Exercise prompt
Exclude the pictures and repeat all of the data exactly.
*** Given information ***
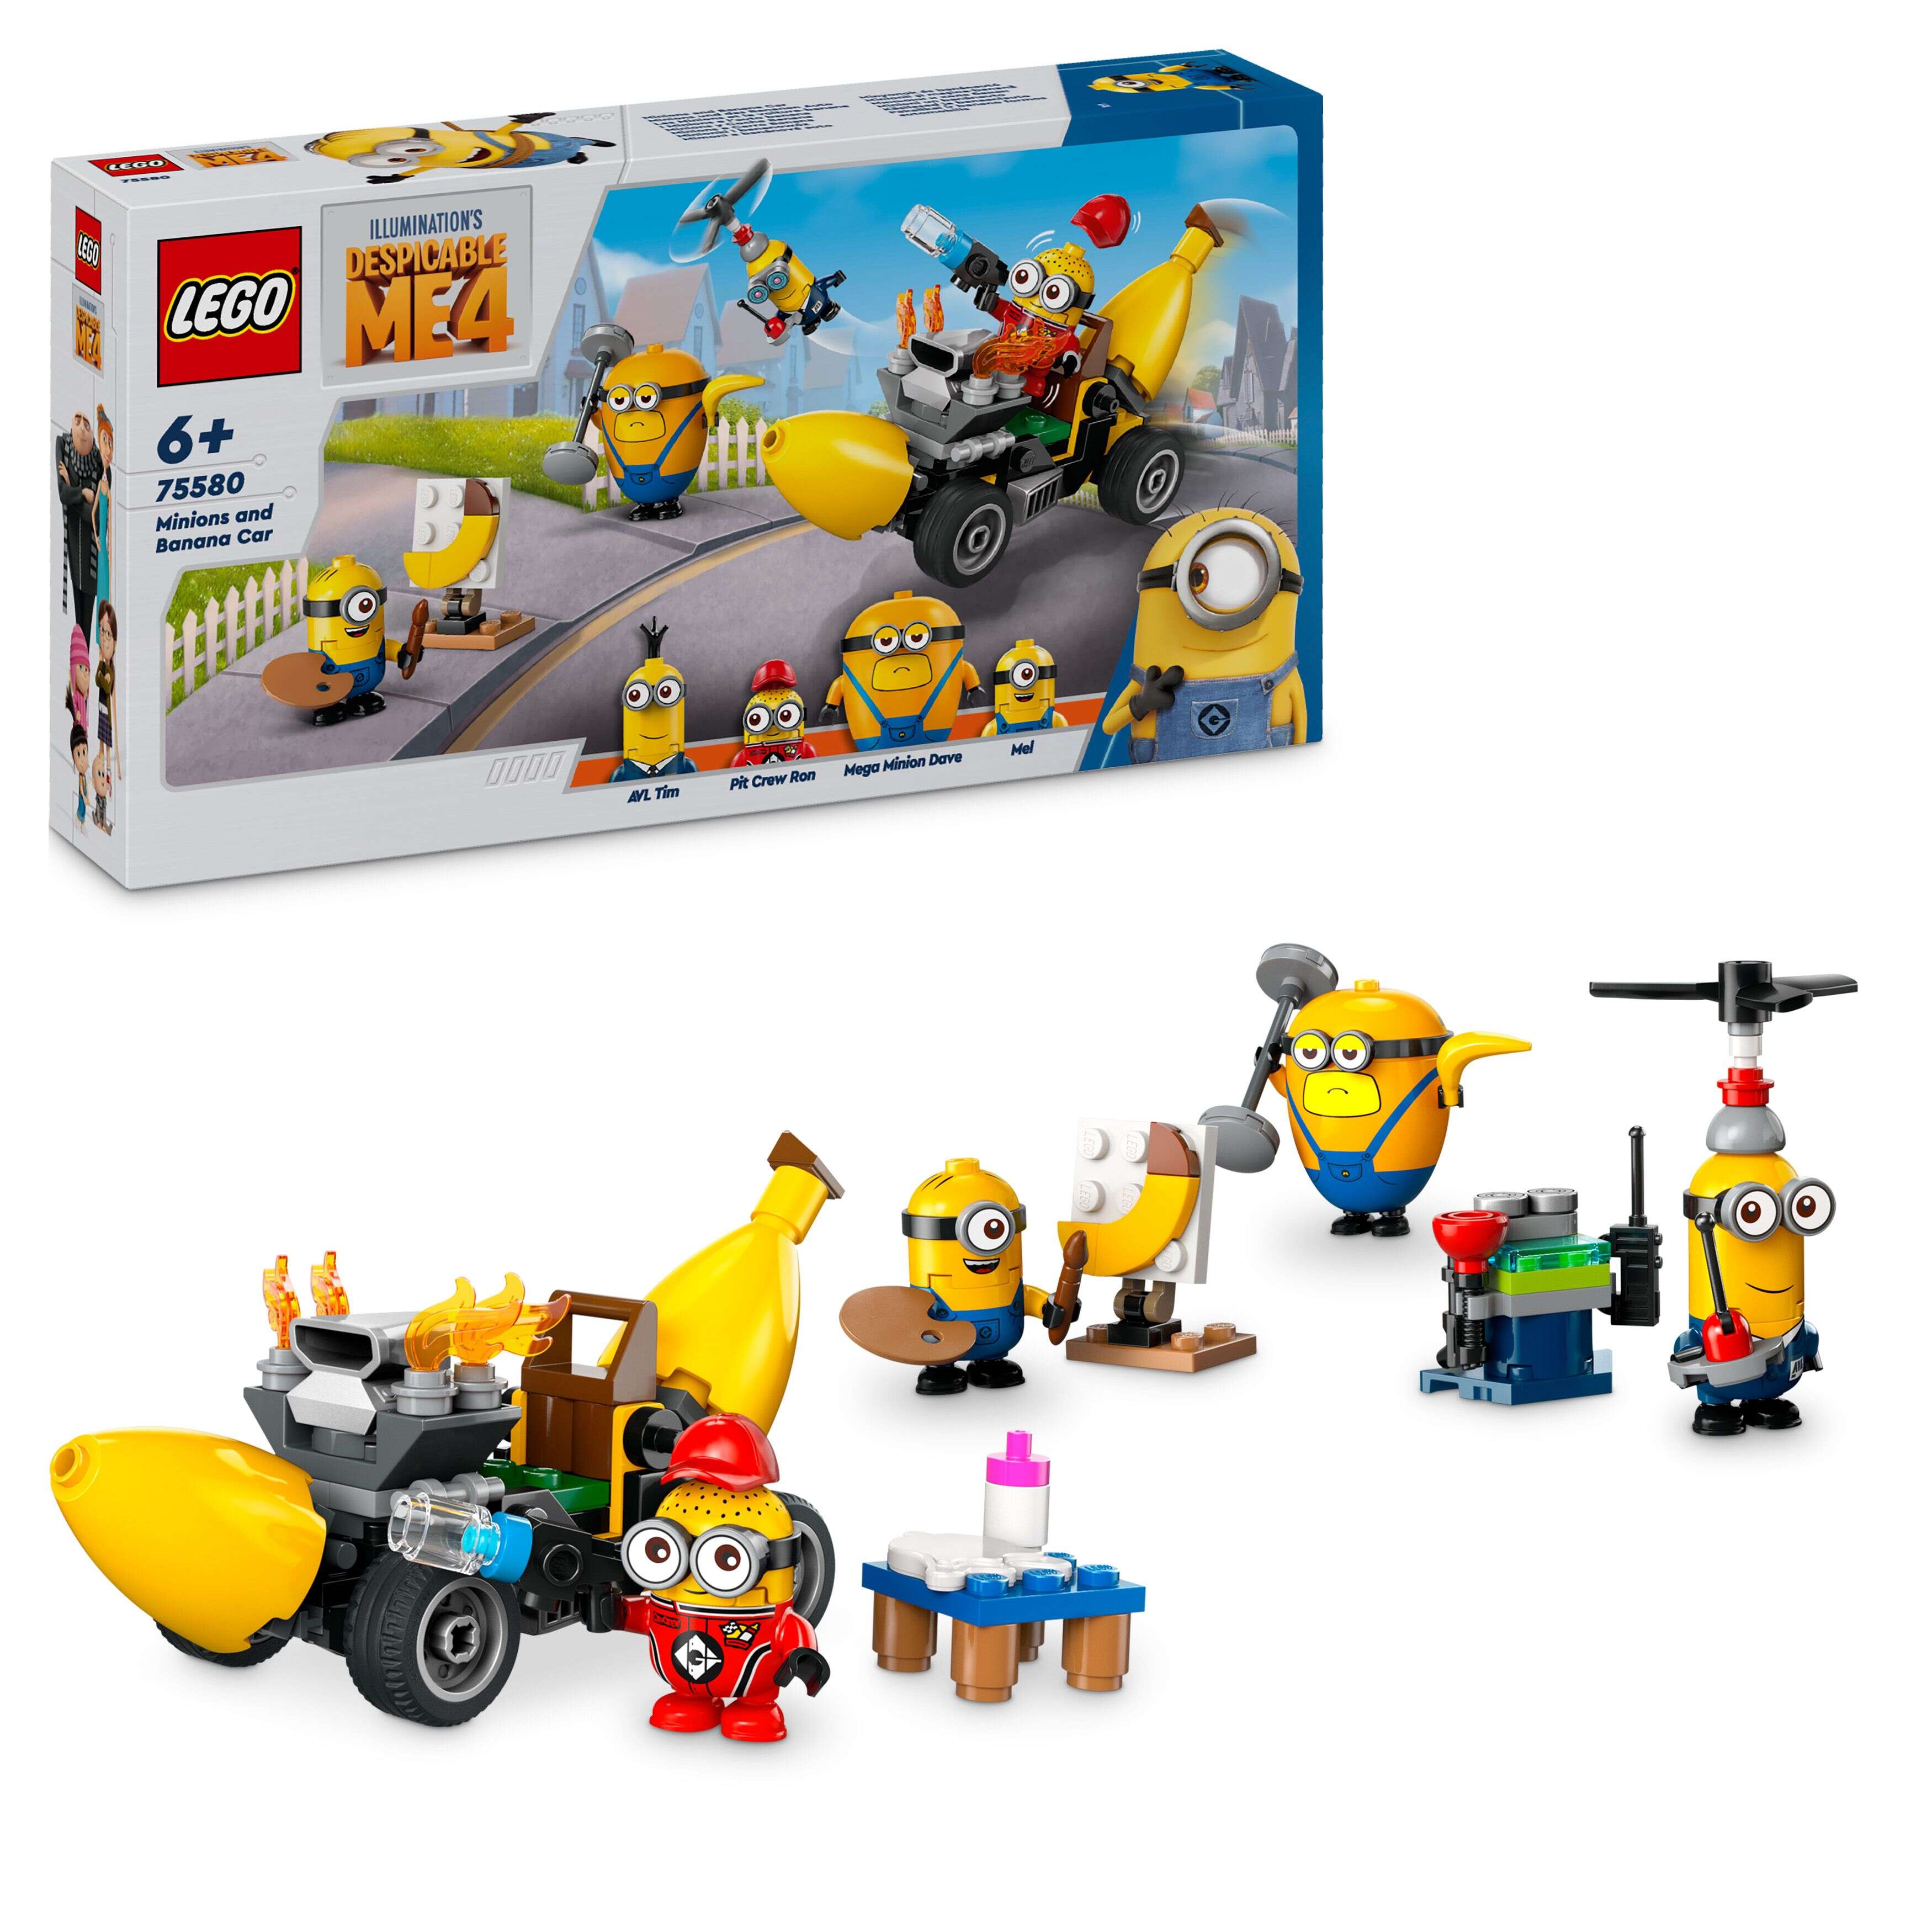 LEGO 75580 Despicable Me Minions und das Bananen Auto, 4 Minions und Zubehör
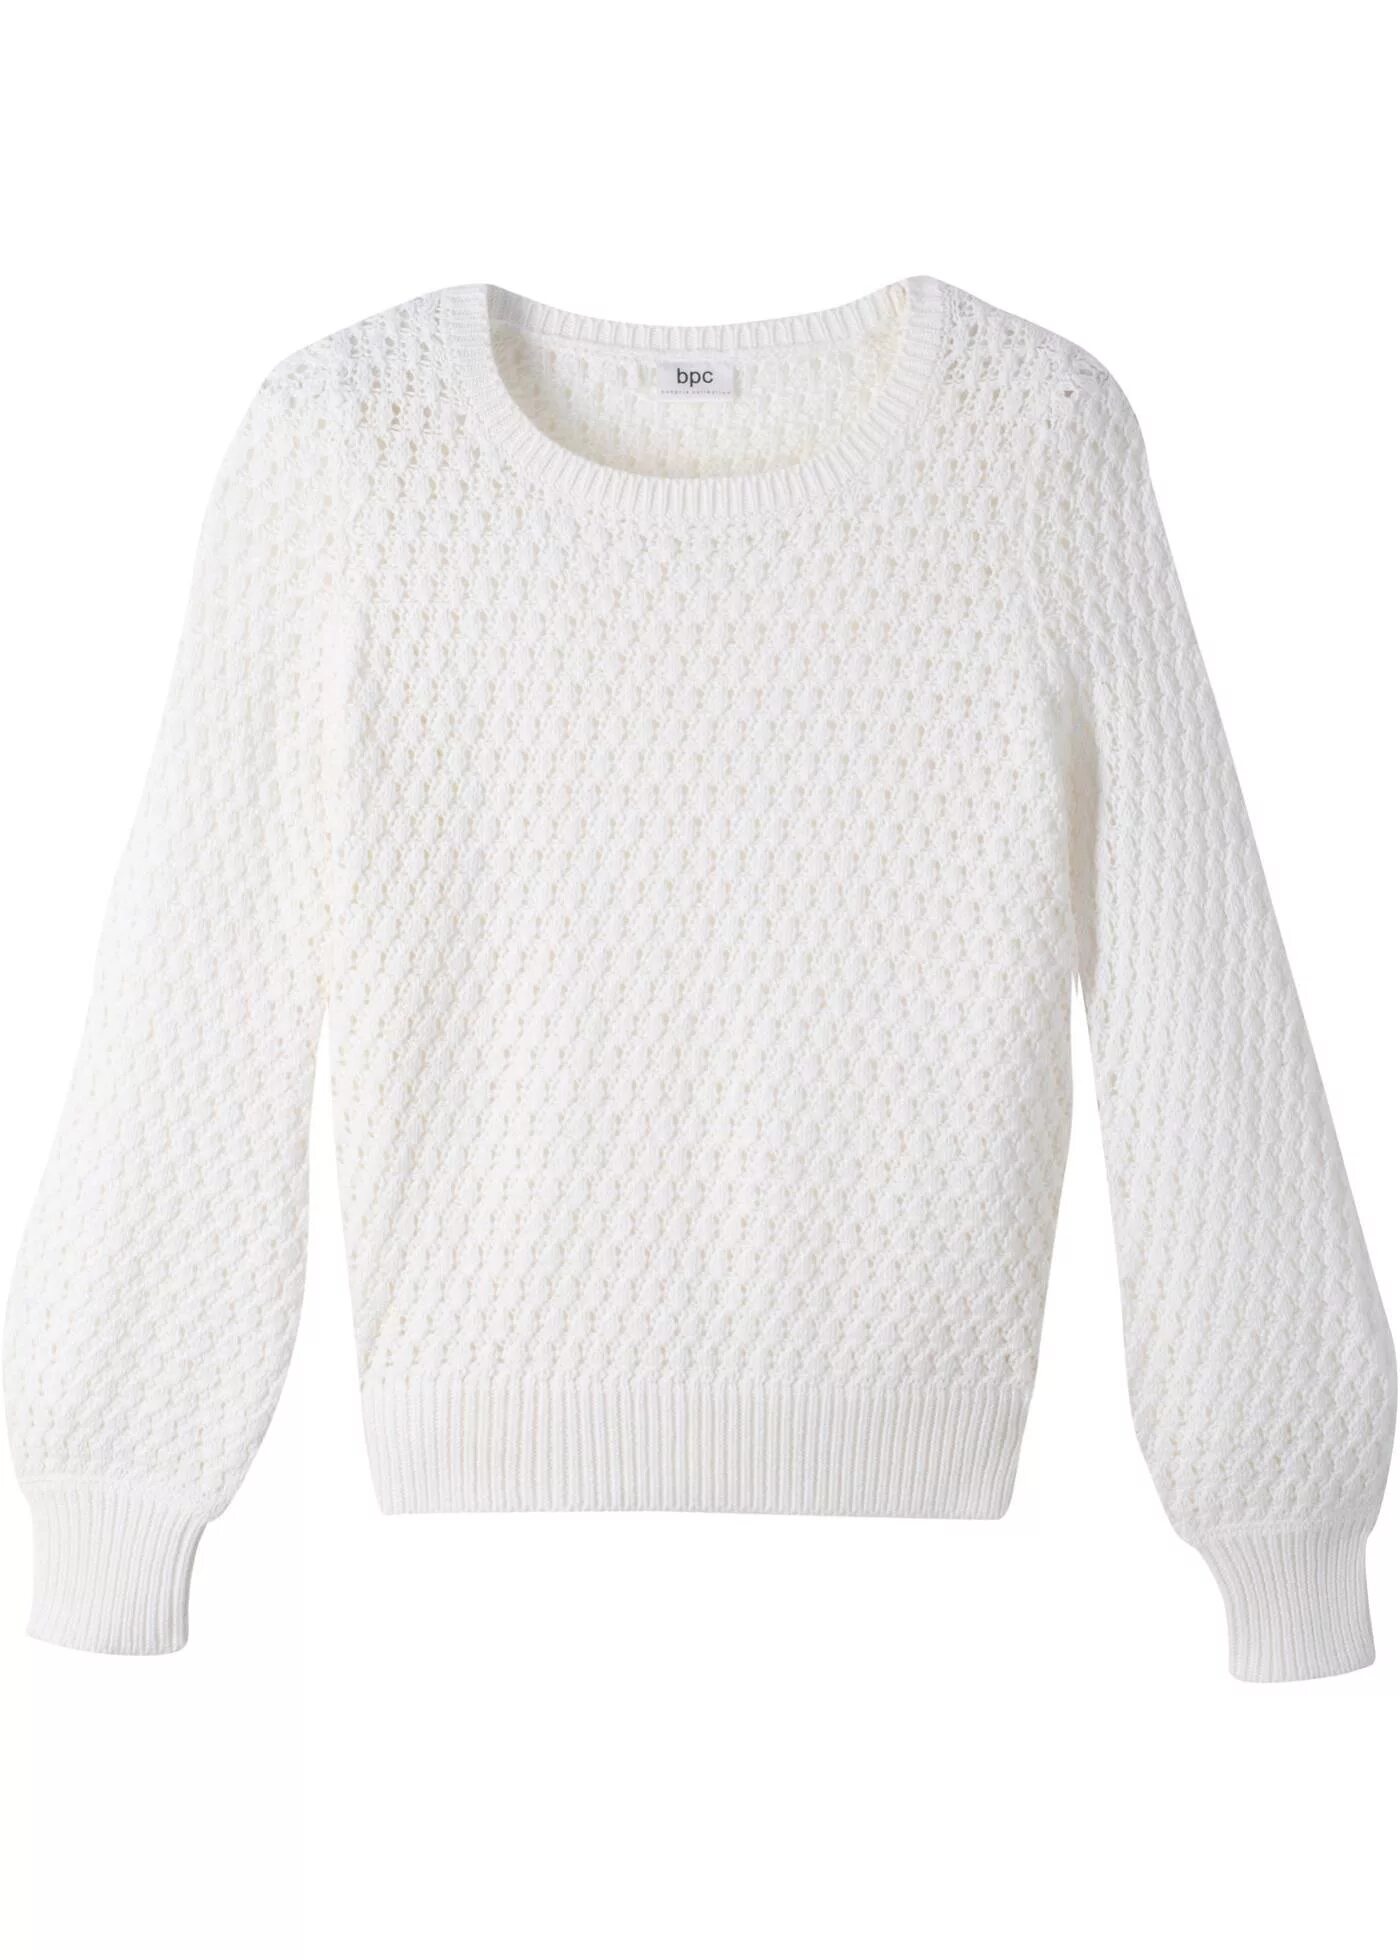 Свитер женский Sisley 1244m2190. Белый свитер. Белый свитер женский. Белая кофта. Белые джемпера купить
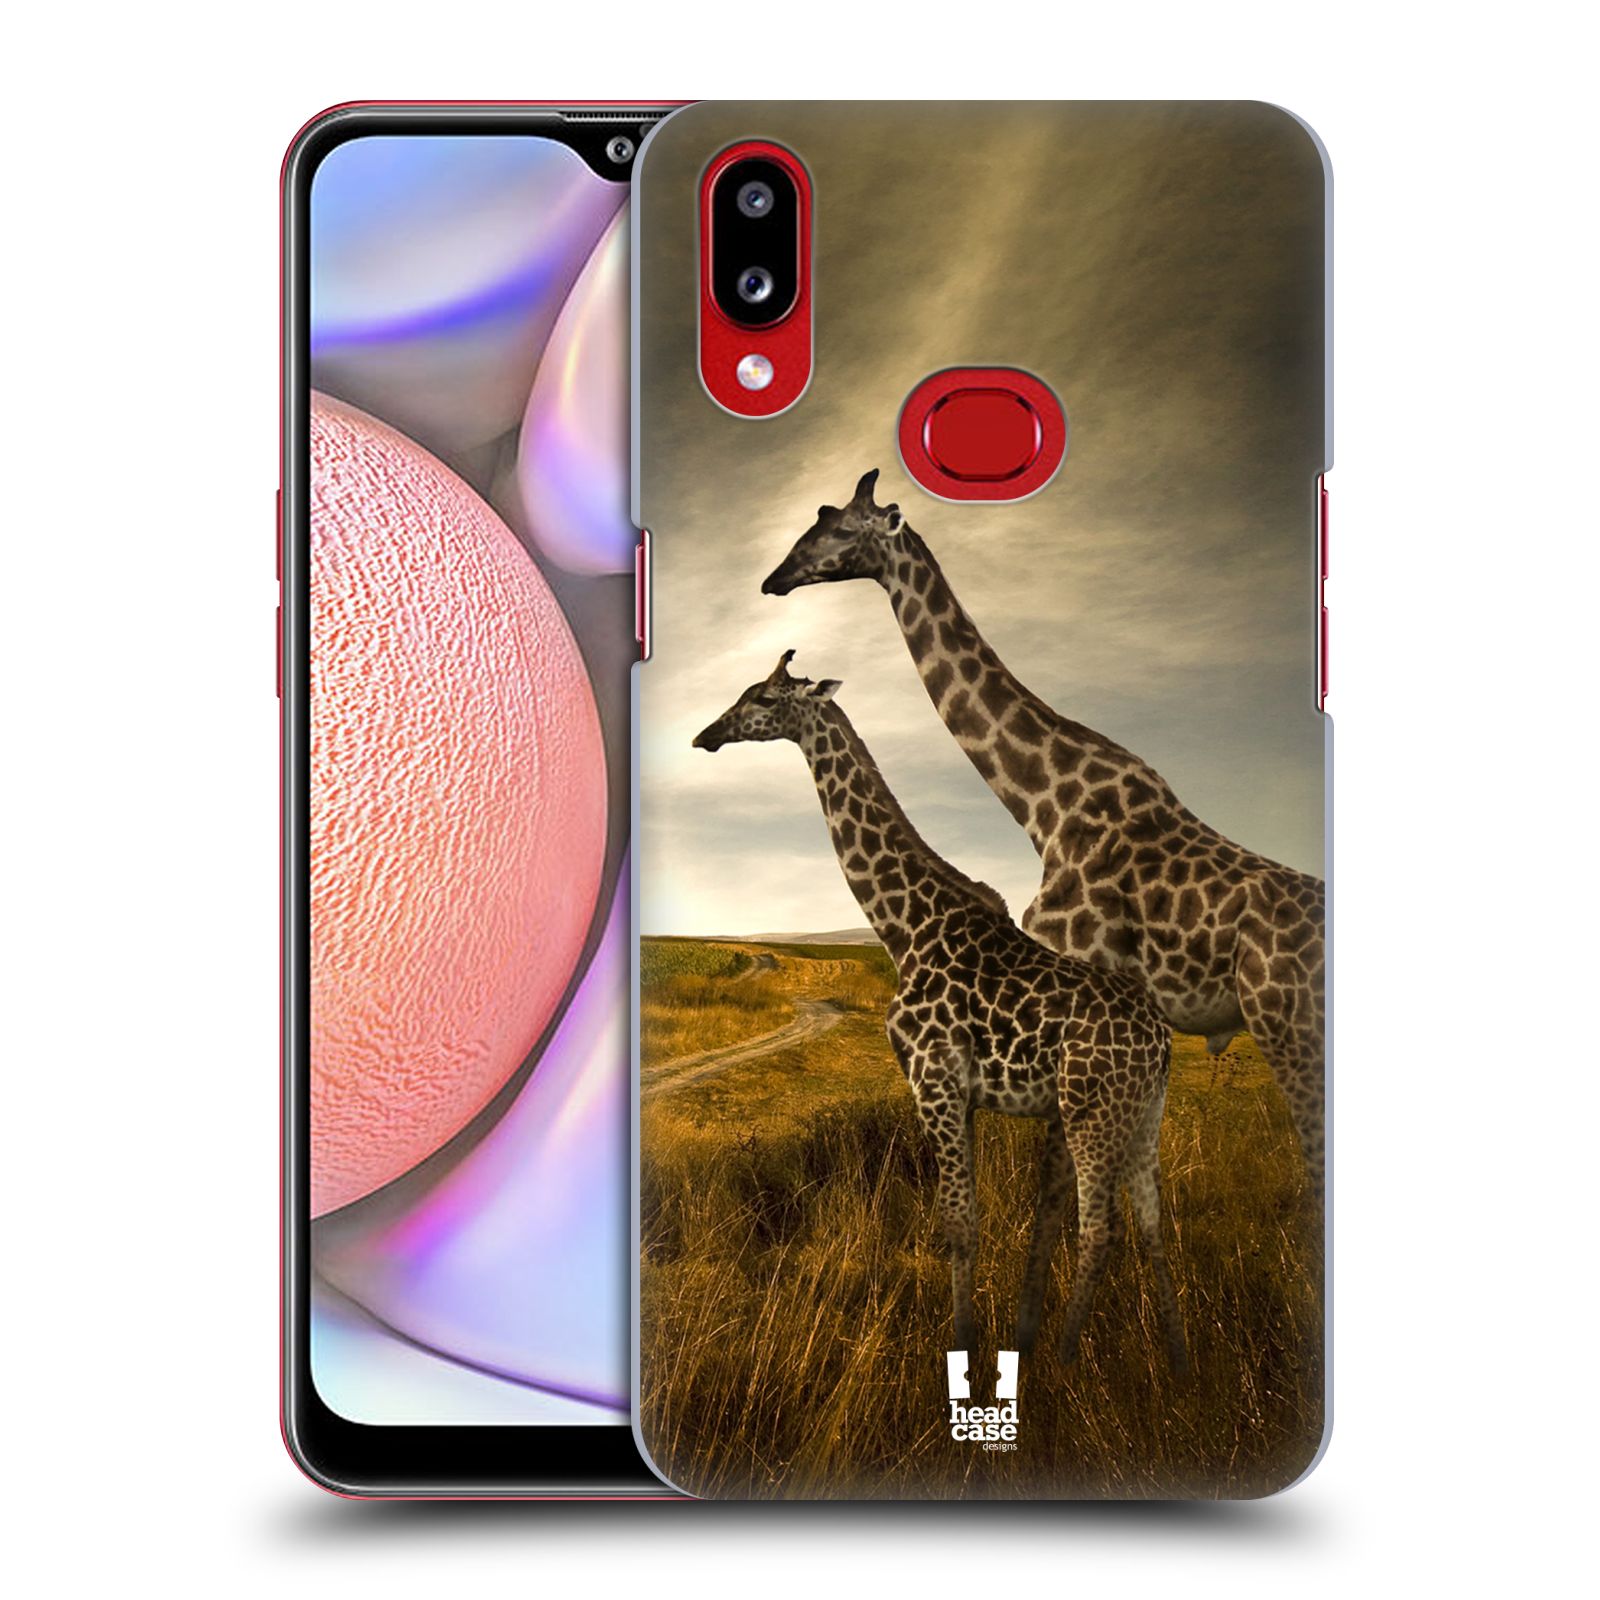 Zadní obal pro mobil Samsung Galaxy A10s - HEAD CASE - Svět zvířat žirafy
*** End of Given information ***
Written solution
 LEGO 75580 Despicable Me Minions und das Bananen Auto, 4 Minions und Zubehör
 Свитер женский Sisley 1244m2190. Белый свитер. Белый свитер женский. Белая кофта. Белые джемпера купить
 Zadní obal pro mobil Samsung Galaxy A10s - HEAD CASE - Svět zvířat žirafy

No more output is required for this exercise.